Он хлопнул Аркадия по плечу — дружелюбно, но покровительственно, как старший брат неразумного младшего.
— Приятного аппетита. Эклеры береги, углеводы нынче в дефиците.
Макс развернулся и пошел к выходу, чувствуя спиной тяжелый, растерянный взгляд «золотого мальчика». Свита молчала. Римма Аркадьевна за прилавком одобрительно хмыкнула и вытерла руки о передник.
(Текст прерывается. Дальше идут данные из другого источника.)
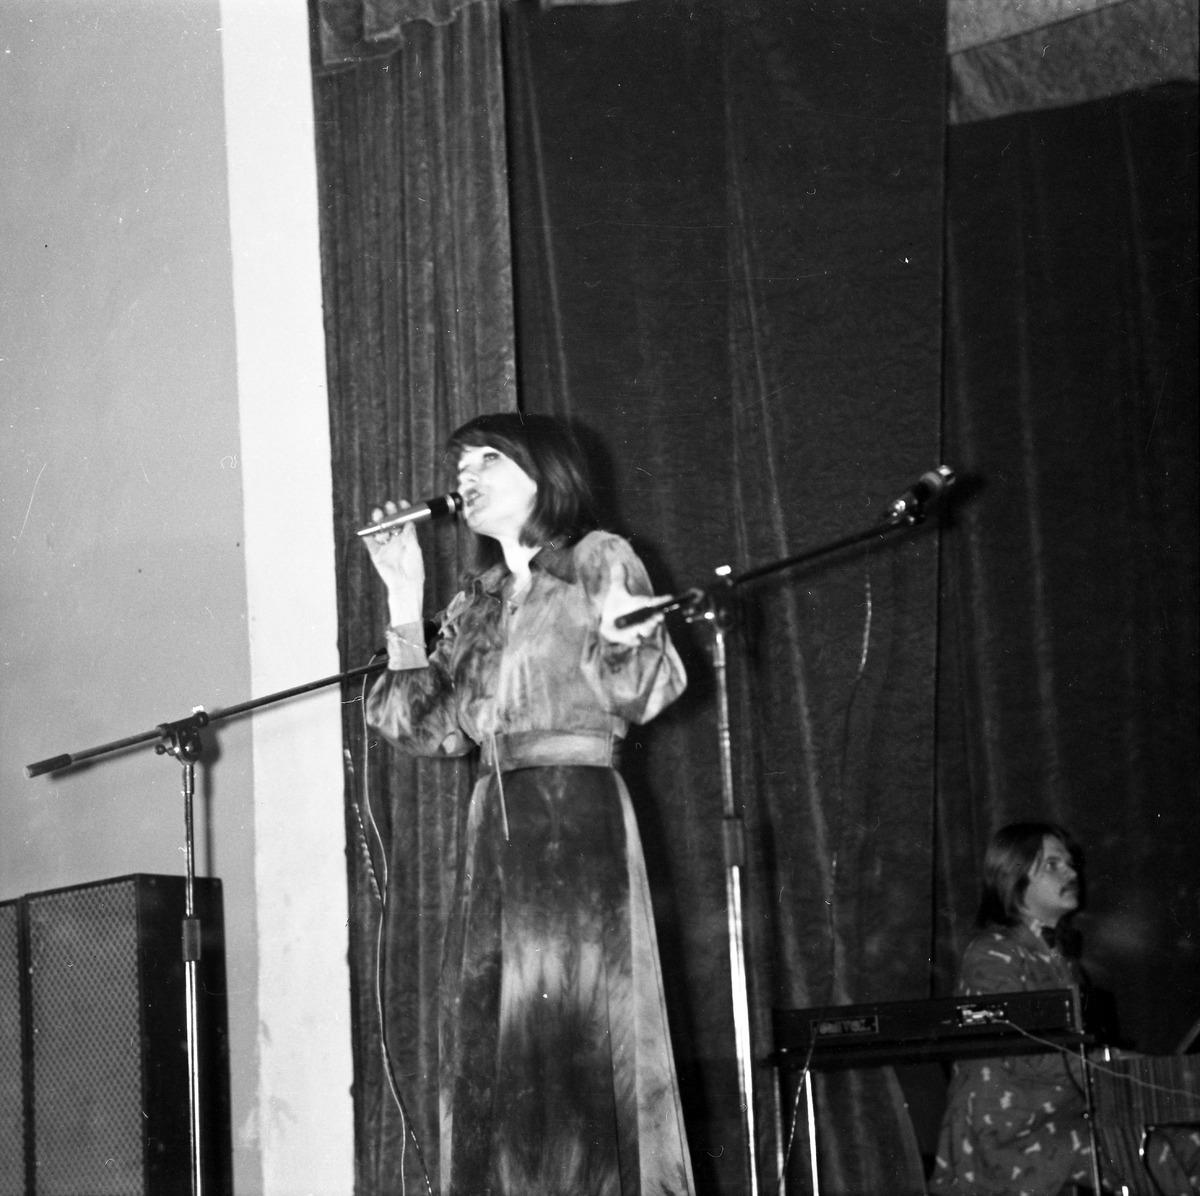 Koncert Teresy Tutinas i Waldemara Koconia, 1975 r.

Первый раунд остался за ним. Но это была легкая разминка перед настоящим боем. Впереди, в конце коридора, ждала аудитория номер семь, где сидел профессор Штерн — человек, который съедал таких самоуверенных выскочек на завтрак, даже не запивая кофе.
Макс допил остывшую жижу одним глотком, поморщился от сладости и толкнул тяжелую дубовую дверь. Ритм шагов по паркету звучал ровно: тук-тук. Четверти. Темп сто двадцать. Сердце билось в унисон.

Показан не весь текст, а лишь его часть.